Oleh Drozdov (; born September 12, 1966) is a Ukrainian architect, artist, and educator. Founder of the architectural bureau Drozdov&Partners and co-founder of the Kharkiv School of Architecture.

Biography 
Oleh Drozdov was born on September 12, 1966, in Volgodonsk (USSR). In 1990, he graduated from the Kharkiv Civil Engineering Institute, School of Architecture. While studying at the university, he and his colleagues implemented the first small projects. These were mostly interiors, small cafés and clubs.

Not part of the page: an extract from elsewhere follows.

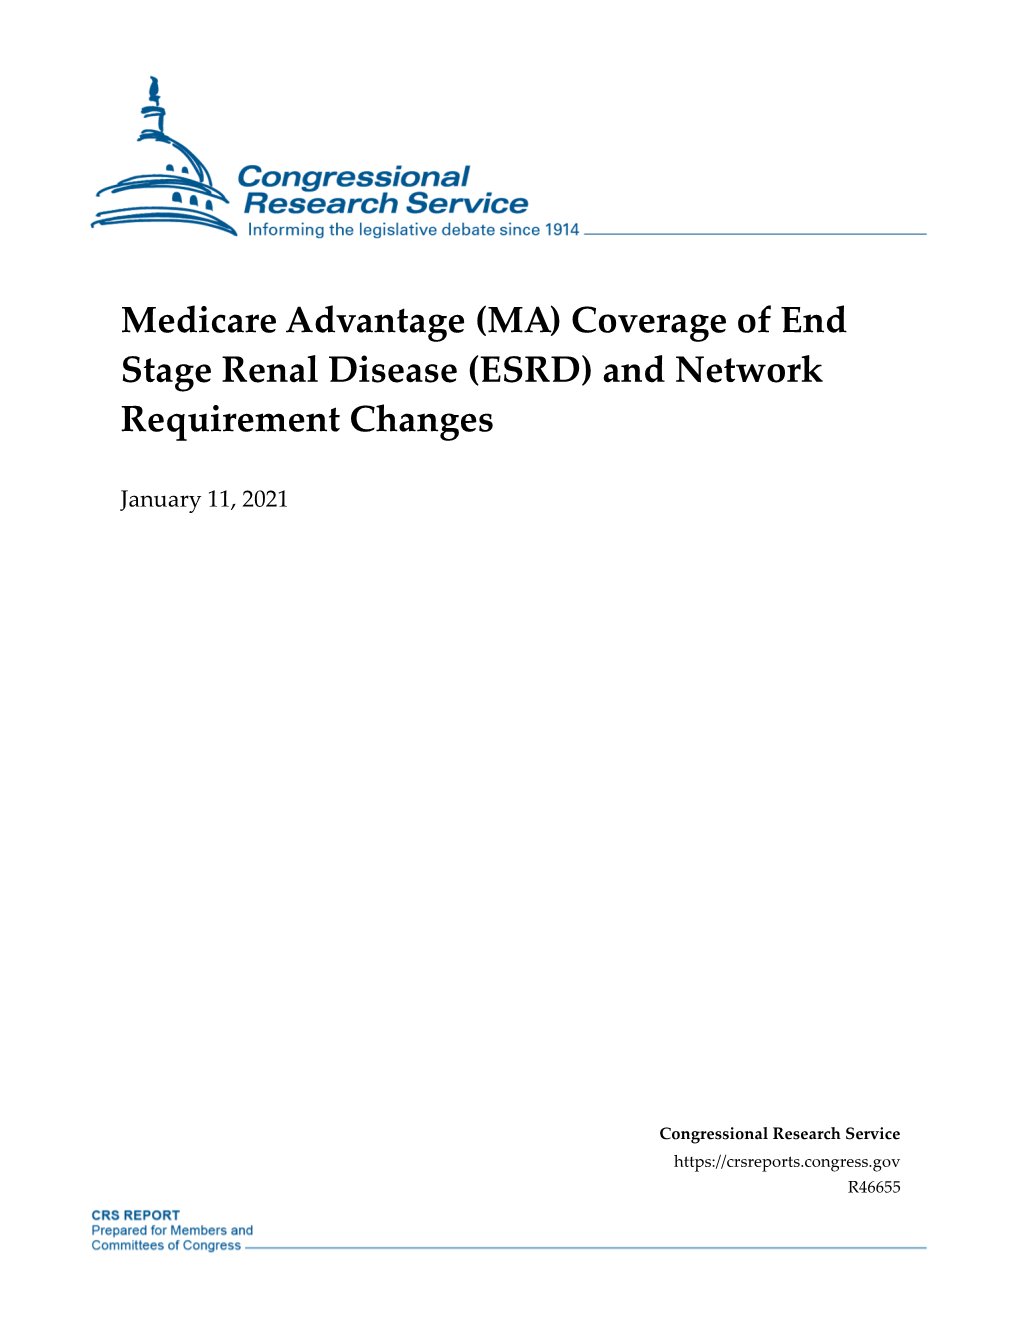 Medicare Advantage (MA) Coverage of End Stage Renal Disease (ESRD) and Network Requirement Changes

In 1990, after graduating from the university, he was assigned to the city of Sumy (Ukraine), where he led an architectural design team in the office of the chief architect until 1993.

From 1991 to 1997, he pursued his career of an artist.

Architecture 
In 1996, Oleg Drozdov started his career in architecture and,  together with partners, founded an architectural office, ‘Atrium’. In 1997, ‘Atrium’ was reorganised, renamed and continued its work with new partners. Oleg became a founder and the Chief Architect of Drozdov&Partners, working in Ukraine and abroad. In Kharkiv, the landmark works of Drozdov&Partners include famous business centers Ave Plaza and Platinum Plaza, Yaske restaurant in Danylevskoho st., Status boutique in Sumska st., Prizma shopping centre in Nauky Ave., Heirloom office and residential building in Chernyshevska st., and Carat residential building in Potebni st.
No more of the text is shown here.